Cruise Whitsundays, the largest tour operator in the area, has been participating in a monitoring program called Eye on the Reef since 2007. Tour boats survey the sites they visit regularly and provide data to help manage any impacts they find, including bleaching.
Reef outreach
Company spokesperson Alyce Carter says the tours also educate visitors about the dangers the reef faces, and dispel exaggerated claims of the reef’s “death.”
“What’s missing in media reports is that the degree the reef is affected varies widely from insignificant to severe,” she told DW.
“It’s the northern section of the Great Barrier Reef that is currently experiencing a major coral bleaching event. That area is approximately 1,590km from our pontoons. People who have lived in this area for more than 20 years have observed that the reef around our pontoons is in the best condition they have ever seen.”
Not all locals agree. Sandra Williams is a campaigner with the Australian Marine Conservation Society who lives in Airlie Beach.
“I’m fortunate enough to have seen the Great Barrier Reef at its most magnificent best,” she told DW. “But I also know that people alive now and those coming in the future will never have the opportunity to see what I’ve seen on the reef, because it is a very different place even now.”
Williams acknowledges that tour operators in the Whitsundays have upped their reef monitoring activity and educate visitors about environmental threats.
Treading lightly
“Many of the boats that go out daily are actively engaged in reporting changes they see to scientists and government bodies to build up that picture of what is happening locally in the marine environment,” she says.
“People are very engaged and proactive in looking after their patch, and also in trying to shift government regulation and policy to enact better reef protection.”
But she says this isn’t the case with some operators in other parts of the reef.
“They don’t want it publicised that the reef is under threat or that there’s been coral bleaching because they see an immediate negative impact on their business.”
And tour boats themselves pose a threat to the reef, both through engine pollution and by scraping the coral surface.
Operators like Cruise Whitsundays are part of an eco-certification scheme which means they take precautions above and beyond what is legally required.
The Great Barrier Reef Marine Park Authority also restricts their movements with a complex system of permitting and zoning, which actively engages tour operators in a communication loop. The authority uses information their boats gather to identify vulnerable areas of the reef and restrict activity there.
Extreme weather
Minimizing damage from tourism is vital given the threat from climate change. And with extreme weather events happening more frequently, this is not limited to bleaching. Right now, one of the main concerns for those protecting the reef is ensuring corals are in the best possible health if and when a cyclone hits.

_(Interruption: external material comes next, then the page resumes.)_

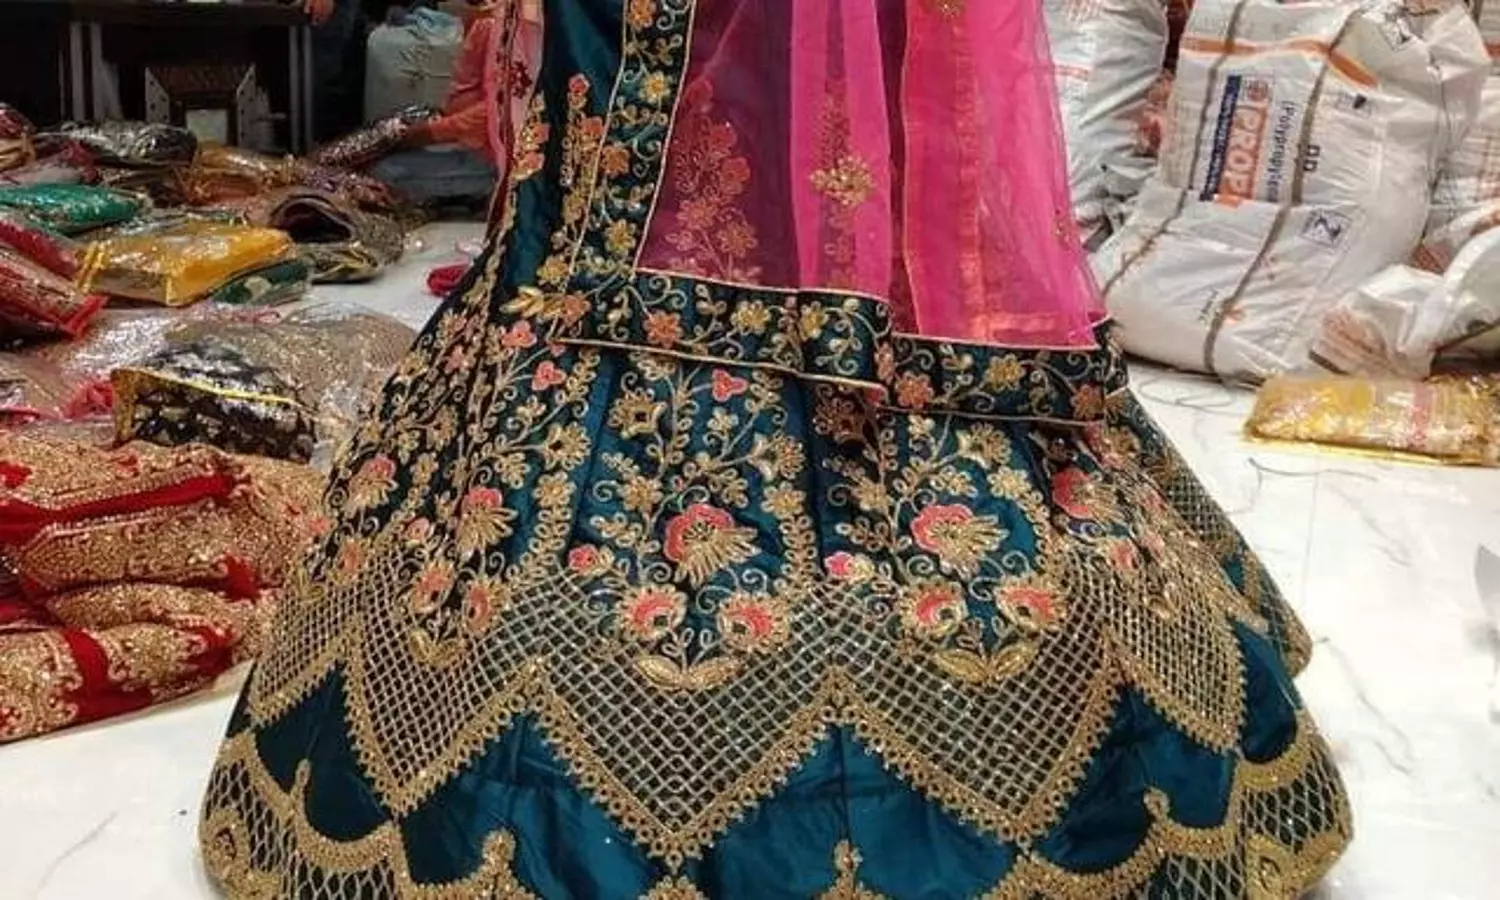 Kanpur Wedding Dress Markets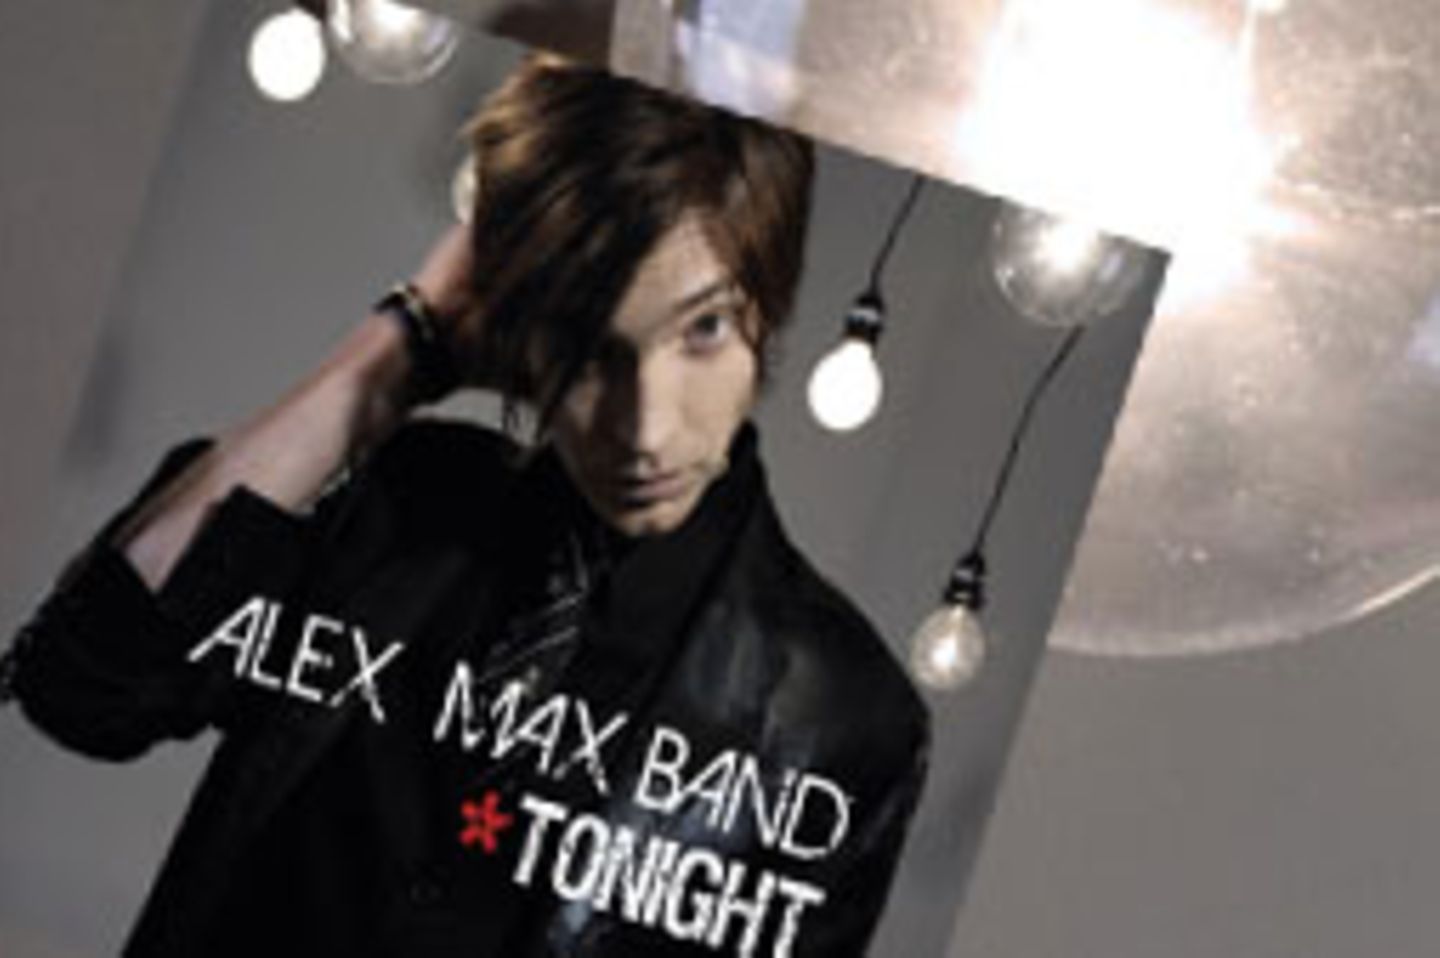 RTL-Single-Tipp: Alex Max Band "Tonight"

“We’re now in the middle of our summer period – this is traditionally our cyclone season,” says Williams. “For first time in three years we’re actually having a wet season, and I expect somewhere at least once in the coming months, somewhere on the coast, there will be a massive cyclone.”
Williams says if a cyclone hit a northern area like Port Douglas, where two thirds of the coral is already dead, the impact on what remains could be devastating.
“It doesn’t have the resilience to fight back from that.”